Darwinian evolution, however, is not a Great Chain. Later is just... later. Of course Darwin himself got a bit confused about this from time to time, but the message that Darwinian evolution was not necessarily progressive, and that humans are not the single most spectacular opus of Nature ever was clear, and offensive! Rejecting this implication of evolution, in cultural evolution as well as biological evolution, became a cottage industry, involving reinterpretations of Schopenhauer, Hegel, and Kant, as well as devising sometimes mystical evolutionary accounts (Teilhard or Bergson), or special cases for culture (Gould comes to mind, but there are many others, such as Rescher).
Nobody seemed too happy to accept that humans were just another organism, special in its own way as every species is, not not special in a unique style. Nor did they seem happy to accept that history no more than biology is not linear and progressive. Still it persists. Maynard Smith and Szathmary, as noted in the article, treat the seven stages of evolution from microbe to us (at any rate the ones they deem significant) as linear and in a way predetermined.

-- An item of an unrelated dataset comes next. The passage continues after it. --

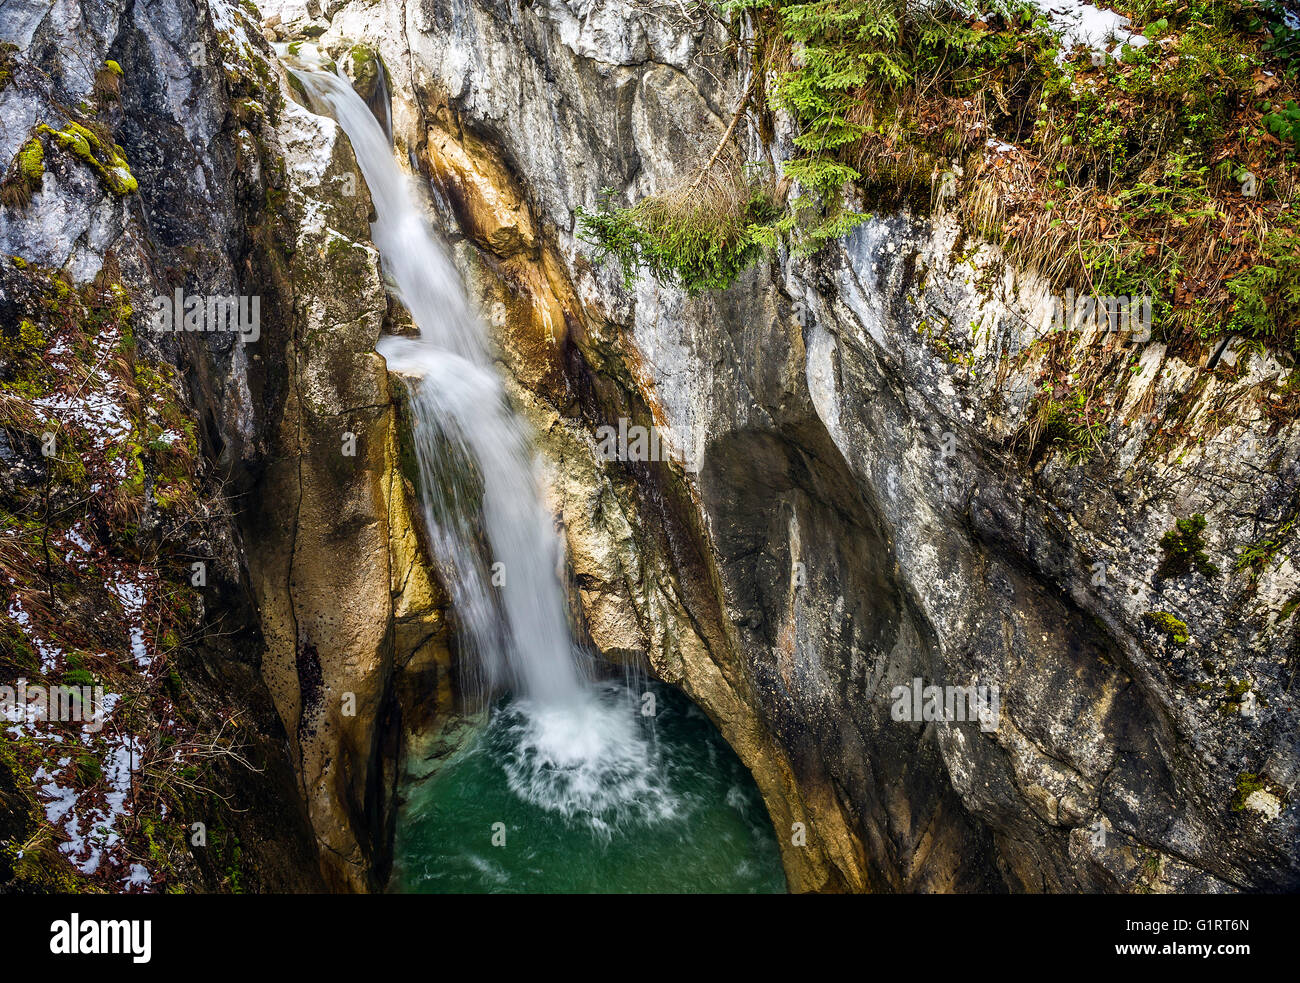 Tatzelwurm waterfall, Upper Level, Mangfall mountains, Oberaudorf, Upper Bavaria, Bavaria, Germany Stock Photo

I sometimes suspect that scientists are so keen to see the Great Chain in biology because it underpins their belief that science is likewise progressive. But science is not progressive in any simple linear sense at all - theories go dormant to be revived two thousand years later (atomism, material heredity), or they die because they are dead ends (phlogiston, ether), or bad results don't get published, leaving the implication that science progresses (Pasteur published only 10% of his results on heterogeny - spontaneous generation of modern organisms - discarding the "wrong" ones. It caused a scandal in France when this was published). The impression that science or biology progresses can only be maintained by ignoring all the "wrong" events, processes and tendencies.
So, boys and girls, I strongly recommend you all purge yourselves of the belief that it's getting better all the time. Sometimes it does, and sometimes it doesn't. And sometimes being us is no real improvement by any measure.
Lovejoy, A. O. (1936). The great chain chain of being: a study of the history of an idea. Cambridge, Mass., Harvard University Press.